Fortin’s approach to the problem draws from her background as an environmental consultant. She spent 25 years designing and implementing low-salt maintenance programs for snowplow drivers and other maintenance personnel. From this experience, she learned how infrastructure design and maintenance needs sometimes conflict.

“When I teach people that are out there dealing with the snow and ice, they inevitably complain about the design of the road—the bridge, the ramp, the parking lot,” Fortin said. “Engineering, research, and permits on the city, county, and state levels tend to be very stormwater-oriented, rather than winter, snow, and ice-oriented. And the problem is winter performs differently than summer.

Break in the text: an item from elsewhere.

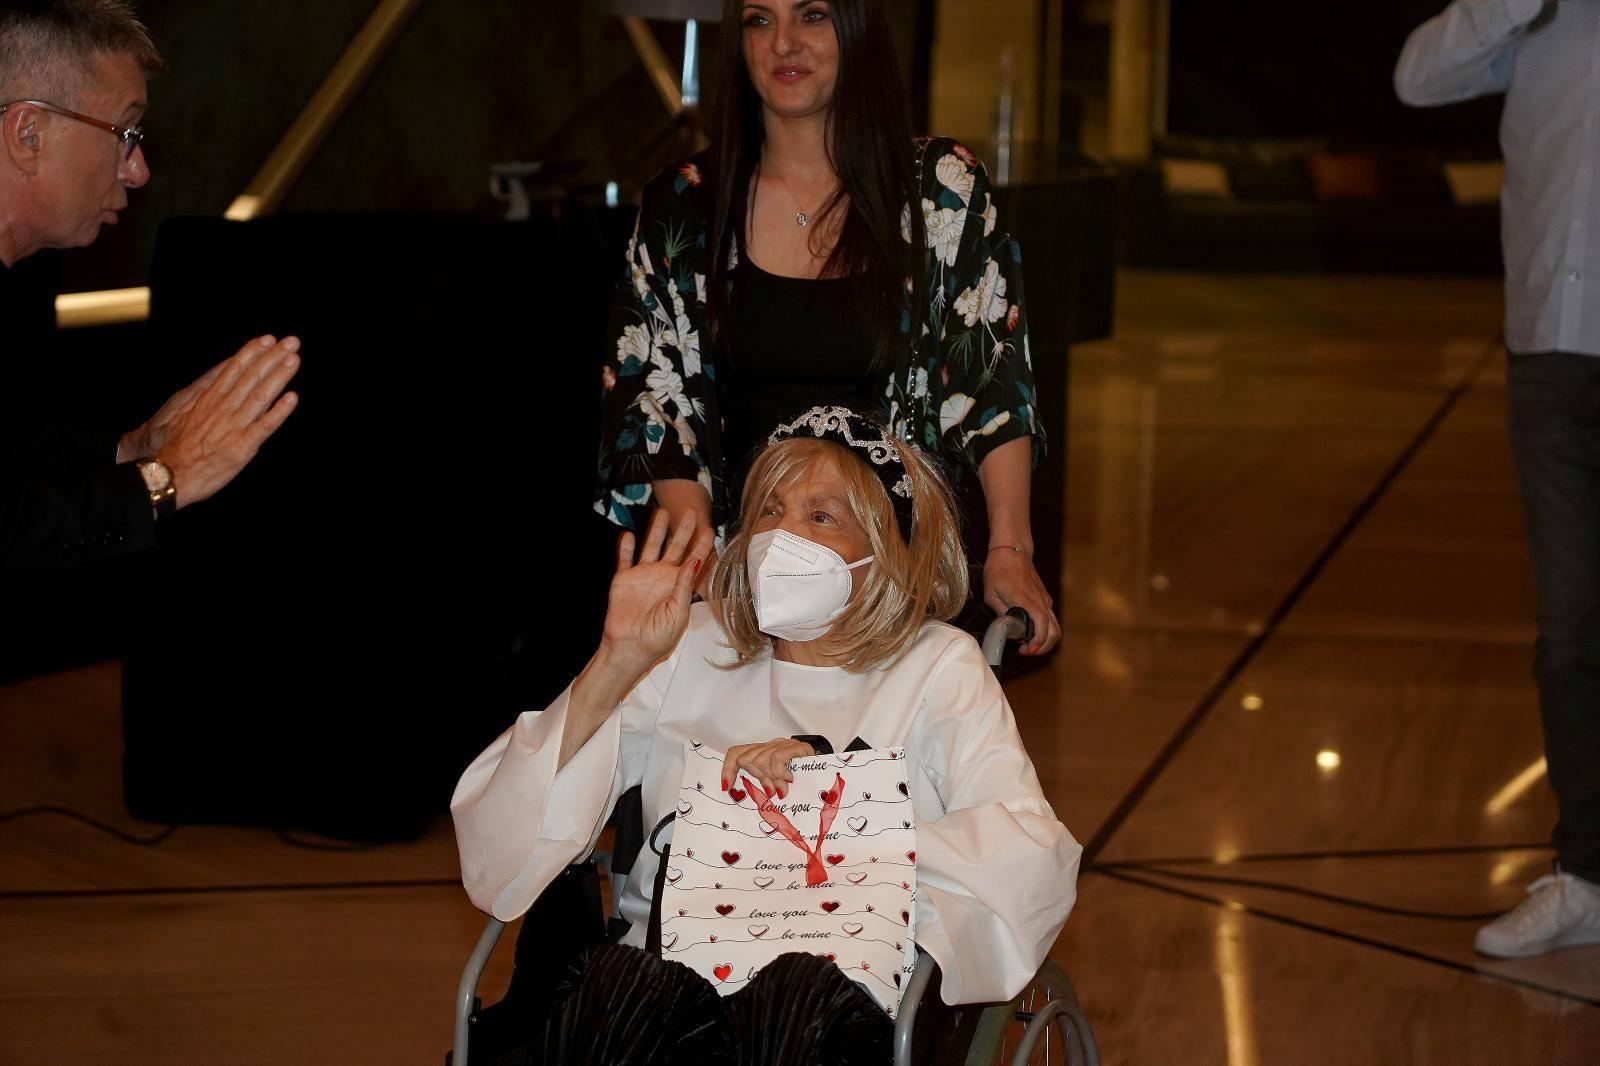 Marina Tucaković pojavila se u javnosti nakon dugo vremena, u kolicama rasplakala sve kolege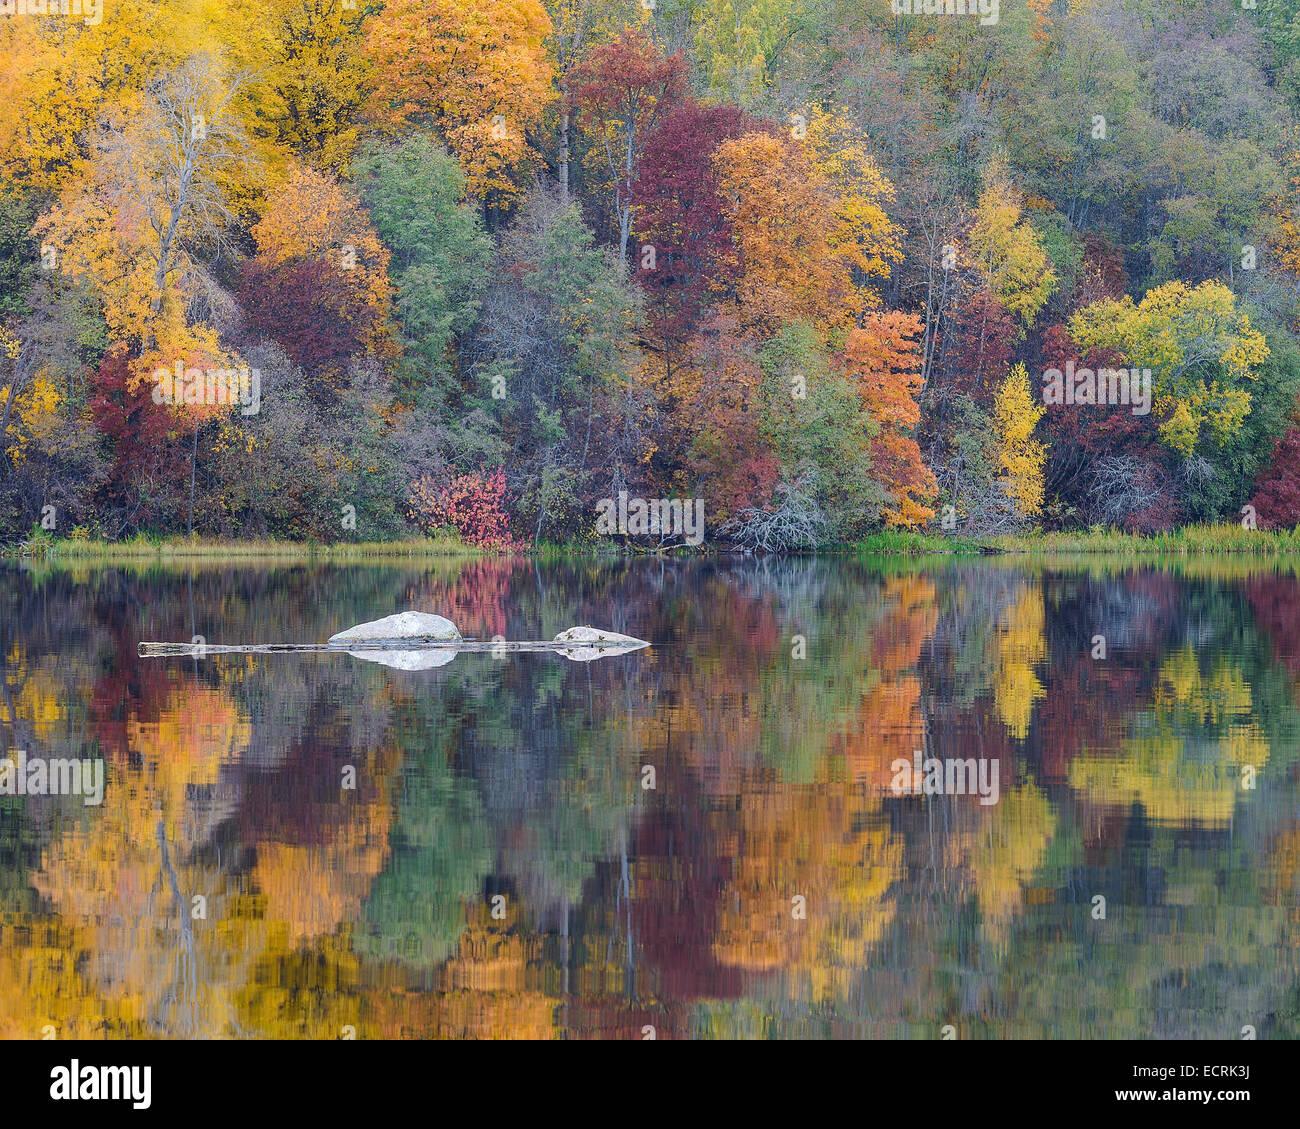 Felsen und ein Herbst-Wald spiegelt sich in einem Fluss. Stockbild

If we don’t design for winter, then we find ourselves at a disadvantage.”

When Fortin’s company was acquired by Bolton & Menk in early 2022, she decided to start pushing for infrastructure designs that were more salt-conscious.

By collaborating with the company’s engineers, she produced a list of broad “basic winter design principles” for low-salt design that could be considered when working on an infrastructure project:

  • Keep angle of the sun in mind to ensure it reaches and melts critical icy patches.
  • Consider direction of prevailing winter wind to prevent drifting snow and “blow ice” (ice formed when light snow is blown back on otherwise clear roads).
  • Consider directional flow of meltwater and mitigate refreezing across roads, parking lots, etc.
  • Ensure proper salt storage to prevent runoff.
  • Consider pavement alternatives such as permeable pavements, which drain meltwater more efficiently and require less salt.

“These considerations are intended to be low-cost measures that don’t take much extra effort to include into designs,” Fortin said, “and they have the potential to save money on salt maintenance, usage, and salt remediation.”

Moving forward, Bolton & Menk will continue integrating low-salt solutions into its design and planning work. The firm helped design a transportation plan for a Greater Minnesota county, with special emphasis placed on identifying winter performance issues.

“We’re hoping to start a movement,” Fortin said. “Not just in Minnesota, but across all cold climates. Because it’s a problem everywhere.”

—Sophie Koch, LTAP freelancer

Minnesota Statewide Chloride Management Plan

Minnesota is the first state in the country to develop a statewide chloride management plan. The plan lays out state salt reduction goals and provides resources and strategies that different stakeholders (such as municipalities, watershed districts, and winter maintenance professionals) can reference.